» **EXERCISE DETAILS**:
Write out the listing verbatim. No pictures belong in it.

» **DATASET CONTENT**:
-- Opening Marker --
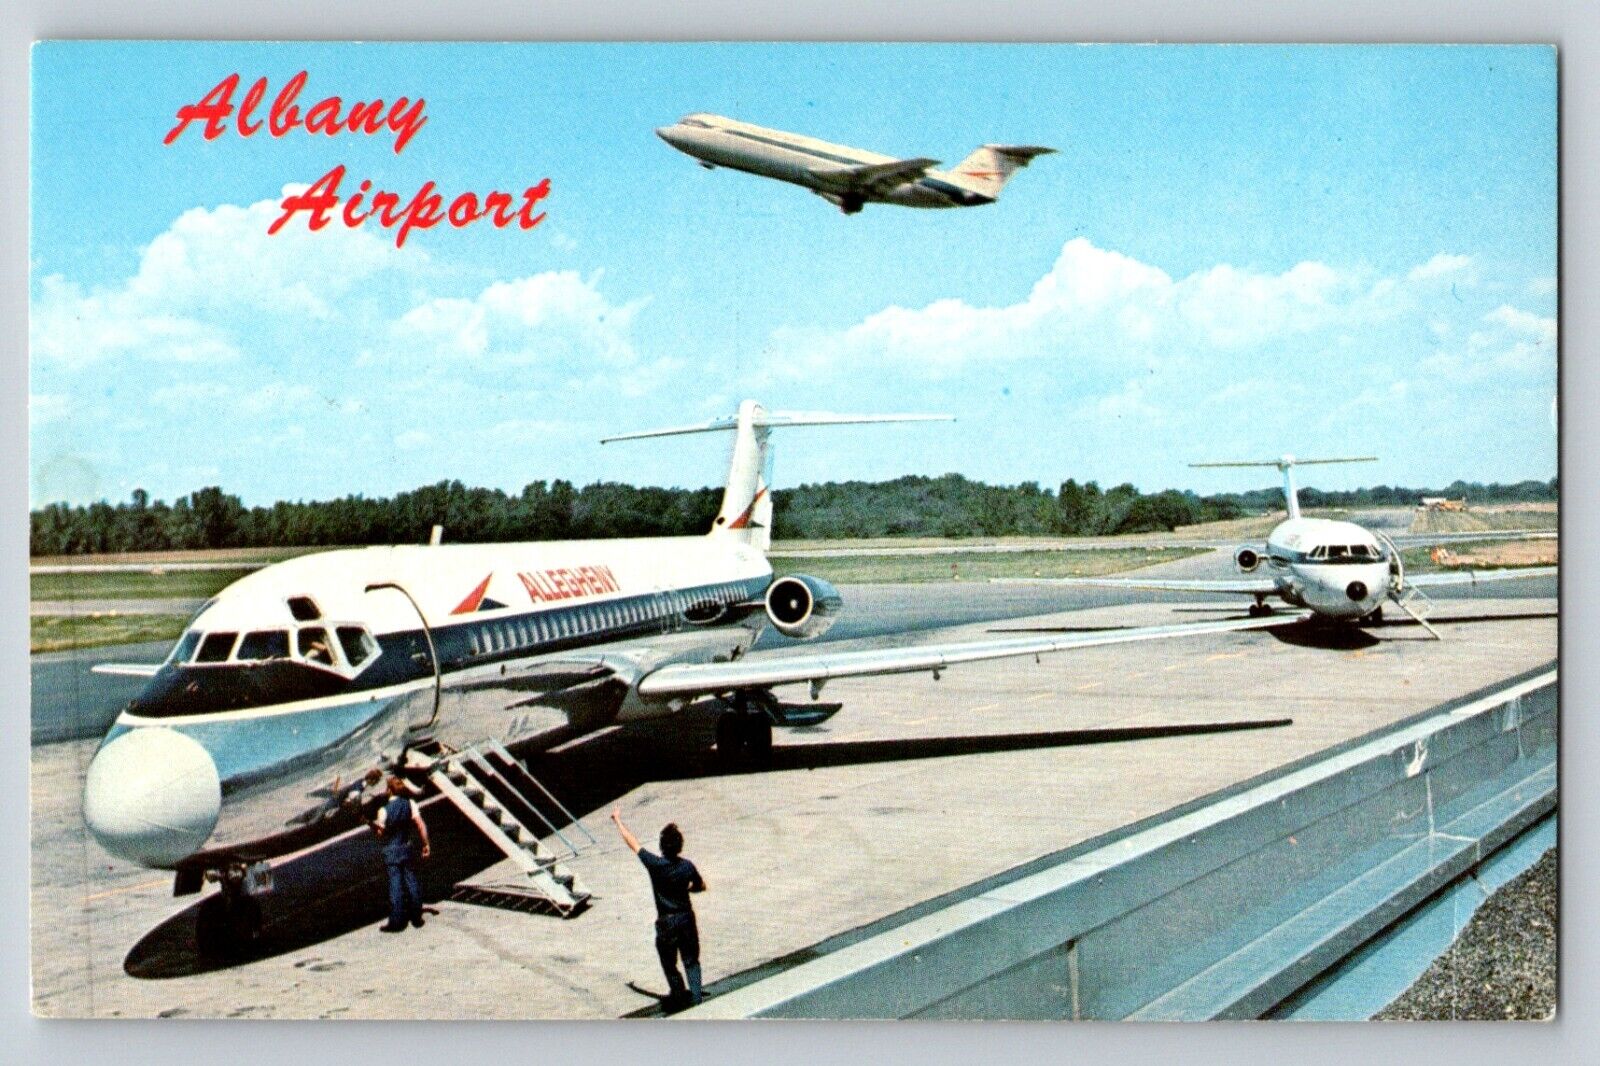 Allegheny Airlines at Albany NY Airport Postcard
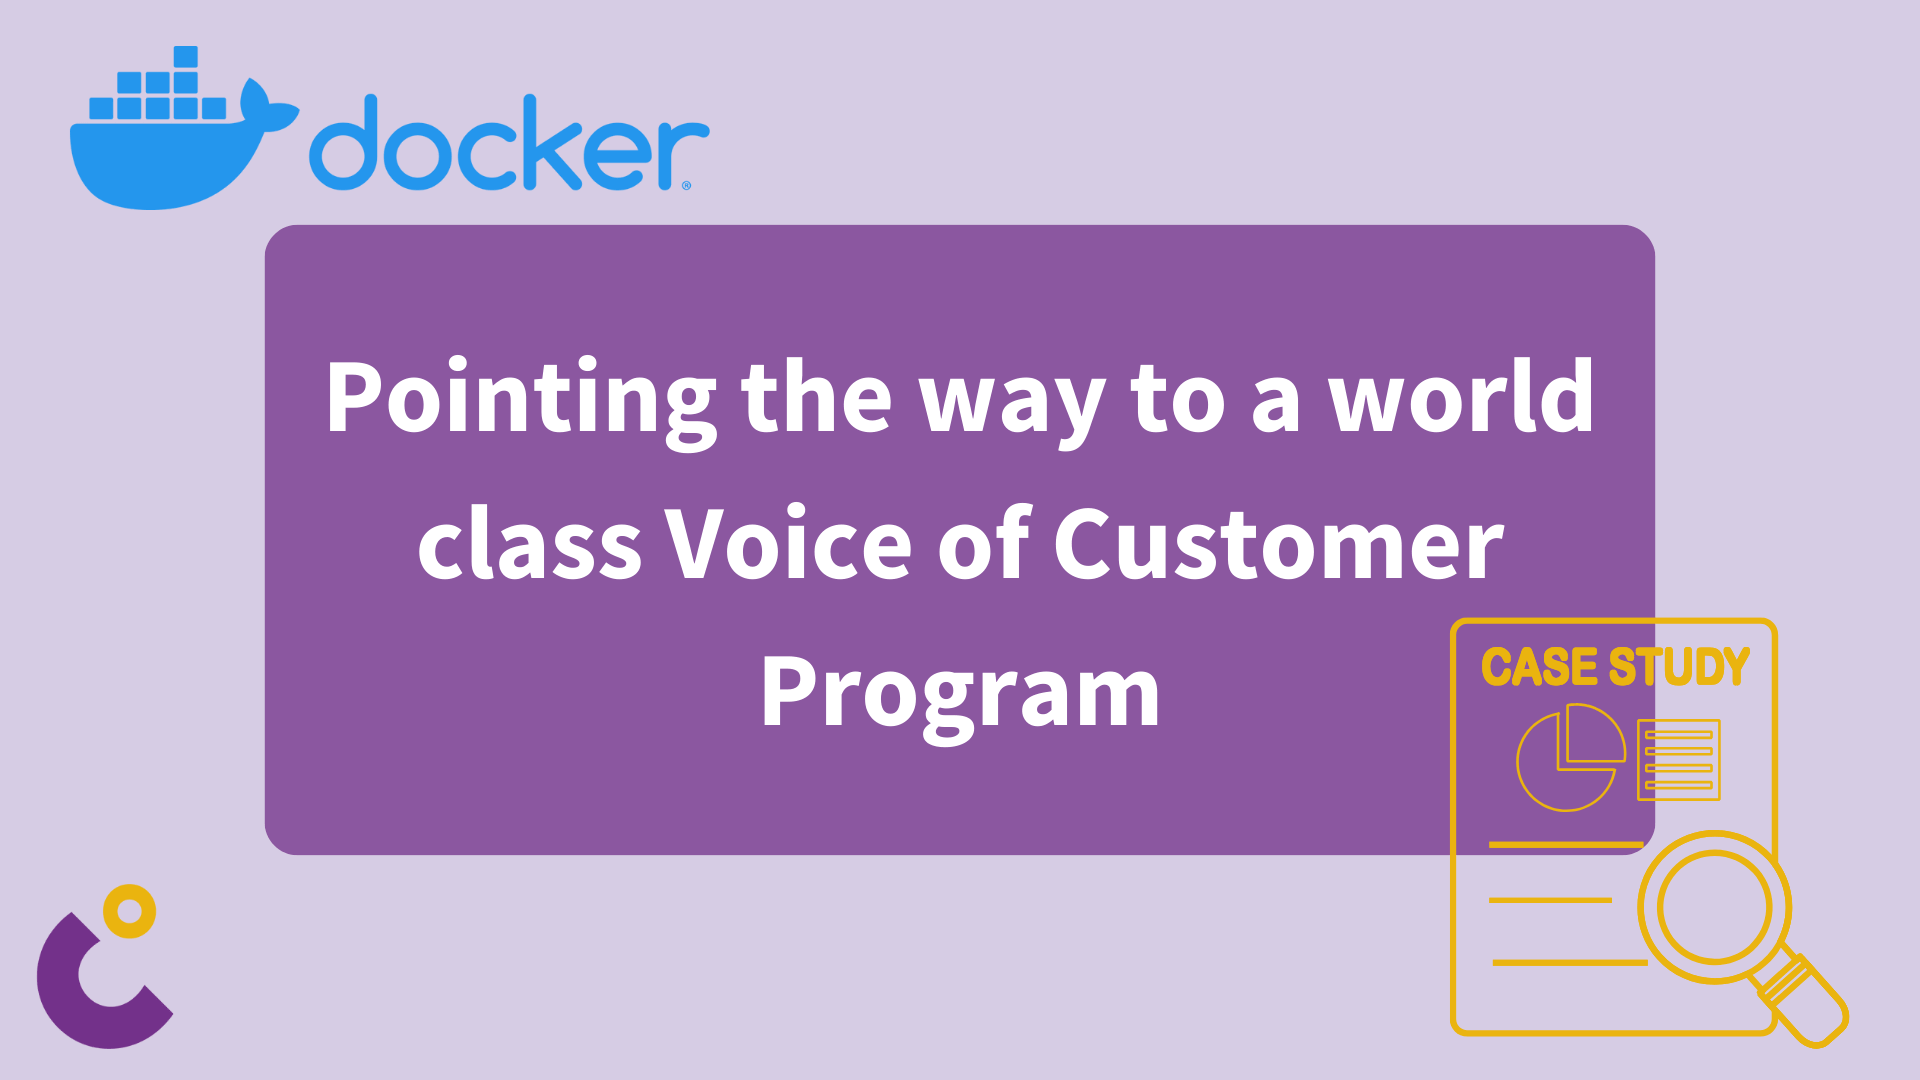 Case Study DOCKER Pointing the way to a world class Voice of Customer Program
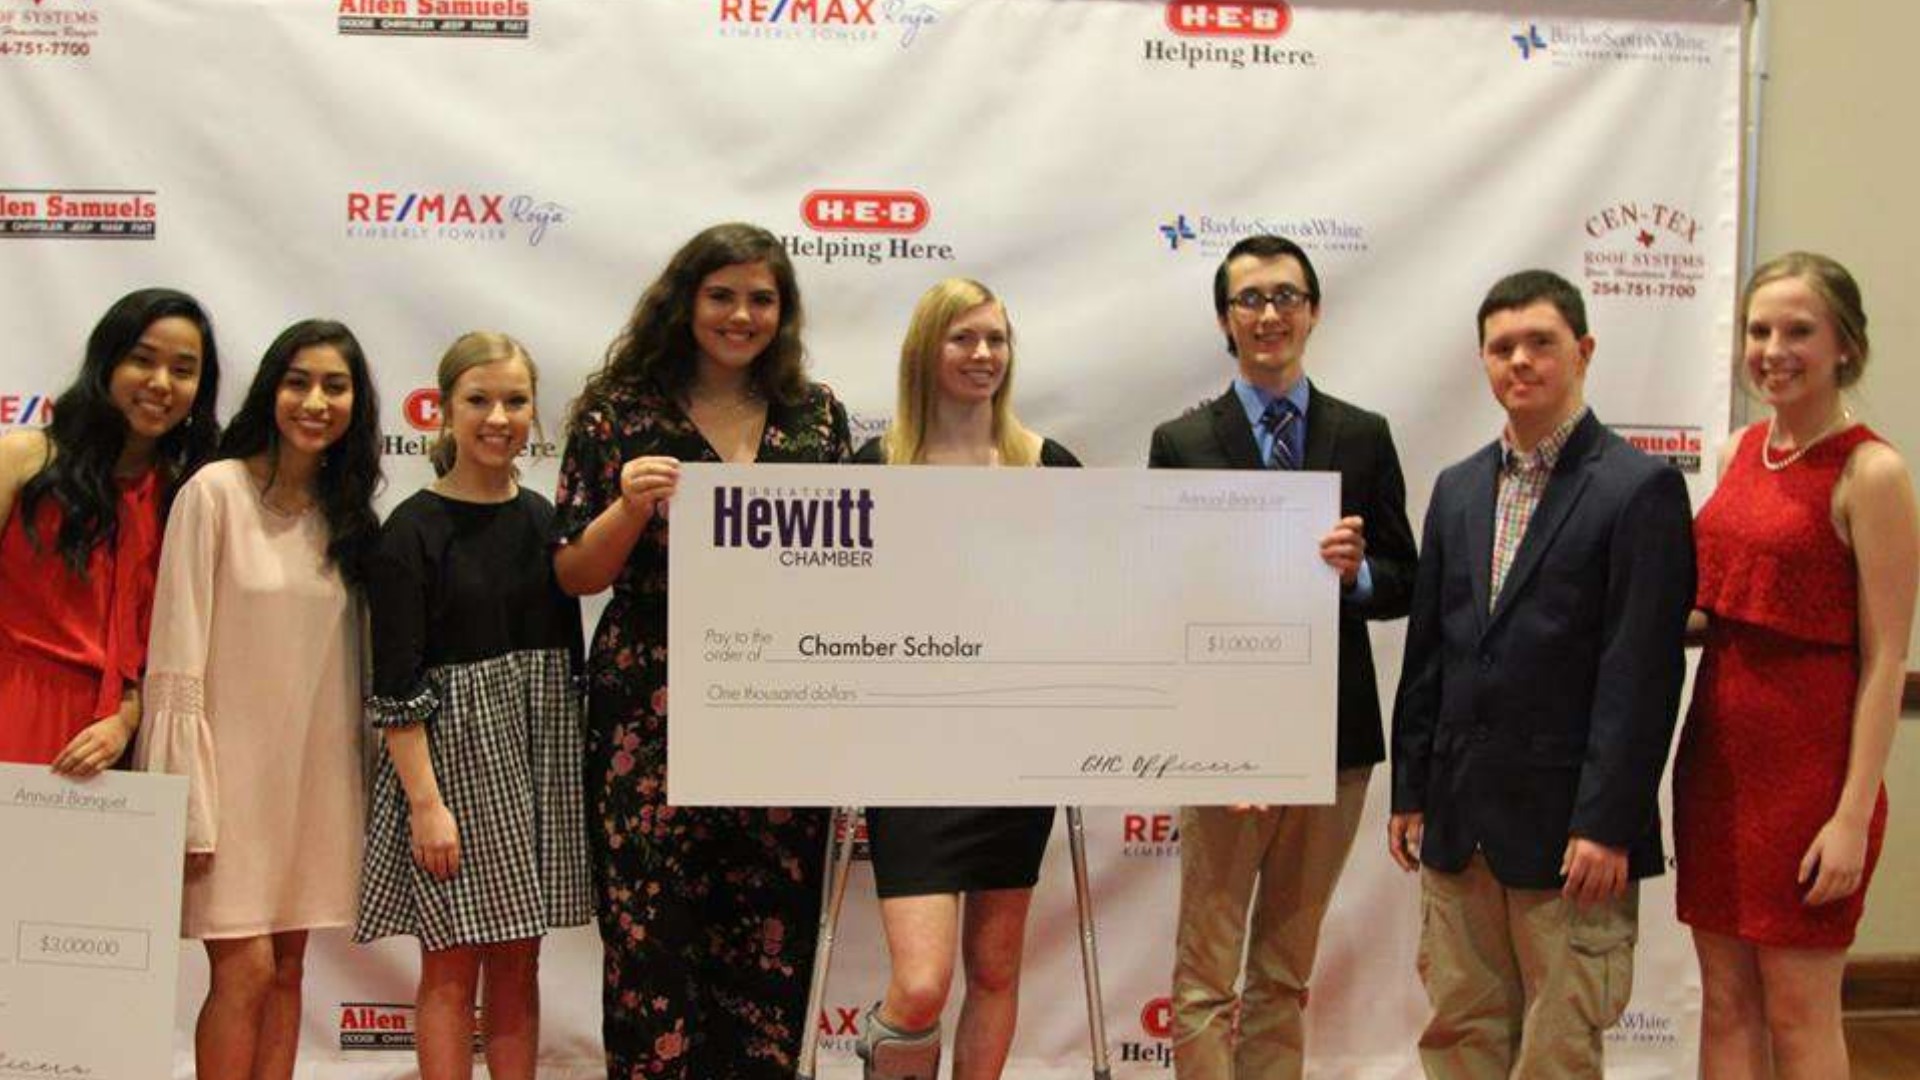 The Greater Hewitt Chamber of Commerce is now accepting applications for their scholarships. They will be awarding $10,000 in scholarships in 2020.
-- Closing Marker --
» **REPLY TO THE TASK**:
 Allegheny Airlines at Albany NY Airport Postcard
 Case Study DOCKER Pointing the way to a world class Voice of Customer Program
 The Greater Hewitt Chamber of Commerce is now accepting applications for their scholarships. They will be awarding $10,000 in scholarships in 2020.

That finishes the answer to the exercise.